# Aluminum Floor Care/covering



## tim62988 (Aug 30, 2012)

searched the forums but didn't find what I was looking for:

what do you do for your aluminum floors?

I just bought some acid to clean them, but then I was pondering putting down a roll-on bed liner (dupli-color, rhino lining, herculiner, ect...)

obviously need to put the mats back ontop of the floors after coated but does anyone have a coated floor, likes/dislikes?

what is everyone's favorite product/procedure for cleaning exterior aluminum? will probably acid wash (exposed aluminum) but then what is everyone's favorite sealer/polish to help protect the aluminum from further oxidization and pitting.
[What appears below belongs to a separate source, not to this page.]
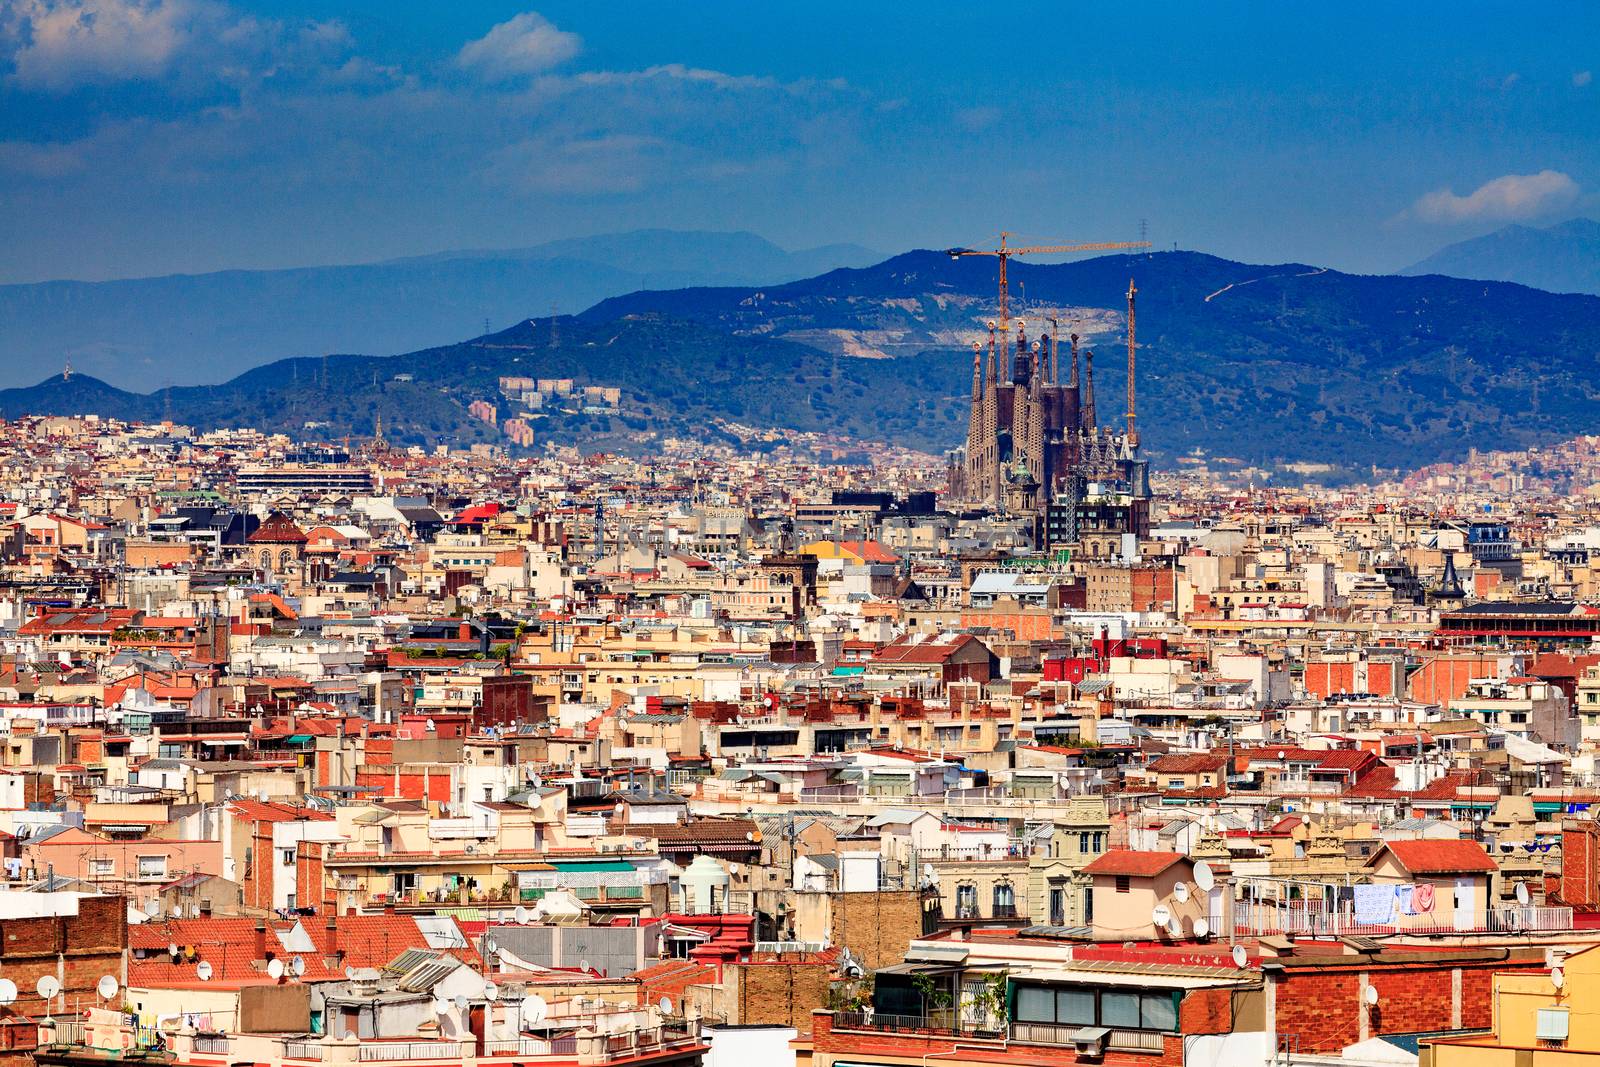 Panoramic view of the city of Barcelona, Spain by Nobilior
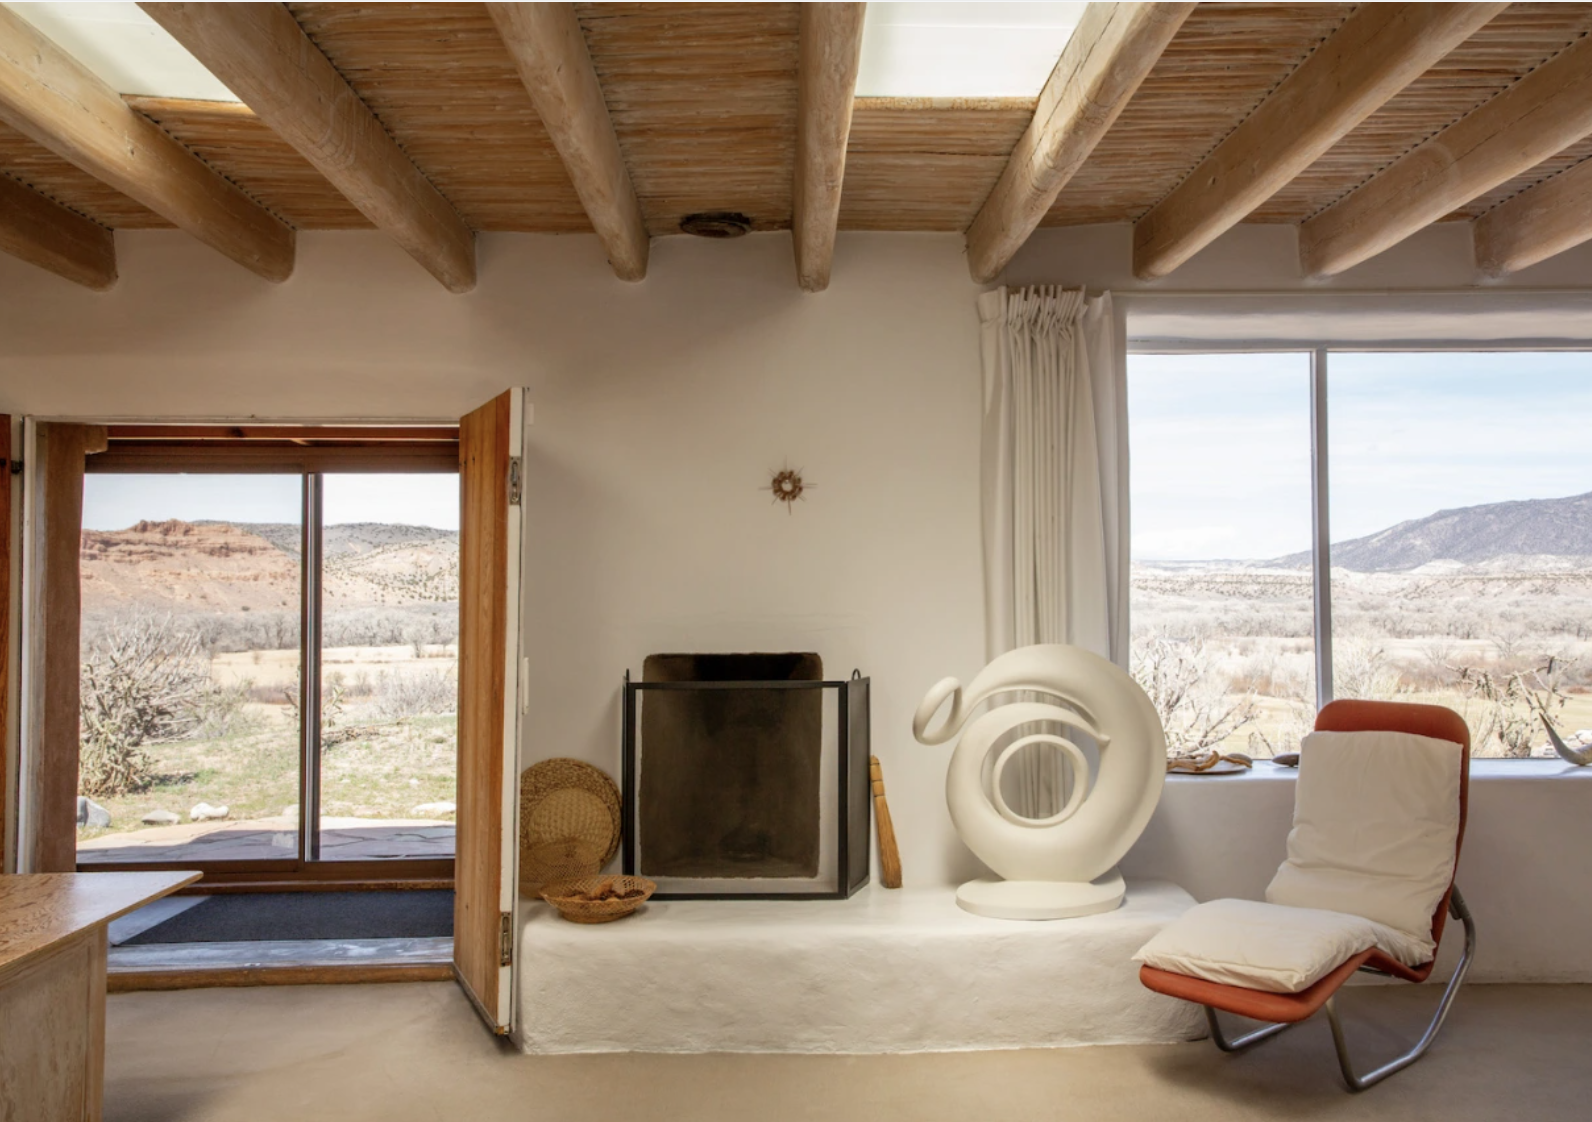 A photograph shows an interior of a room overlooking the New Mexican desert. The room is in beige tones and has a wood ceiling. Through big windows, plains and a mountain are visible in the distance. The color palette inside resembles the colors outside.

Right now have two different aluminum polishes but putting them on/off by hand is a real pain


----------



## Mingiz (Jan 29, 2009)

Great info on Horse Trailer world forum about it.

Horse Trailer World : Trailer Talk : Aluminum floor corrosion and coating


----------



## tim62988 (Aug 30, 2012)

That is where i got the how to clean and idea to coat the floor. I just figured i would check around to see if others have coated the floor and see if it is something they would do again, but also see what others are doing just for varying options


----------



## Mingiz (Jan 29, 2009)

I plan on doing it in the spring to my LQ. I have already pulled everything out of it. Then I'm going to take it to a truck wash to have it acid washed. I will get the liner stuff next. My floor looks pretty good for an 03 trailer. :wink: I just had the roof stripped and re caulked. Next is replacing brake assemblies. :wink:


----------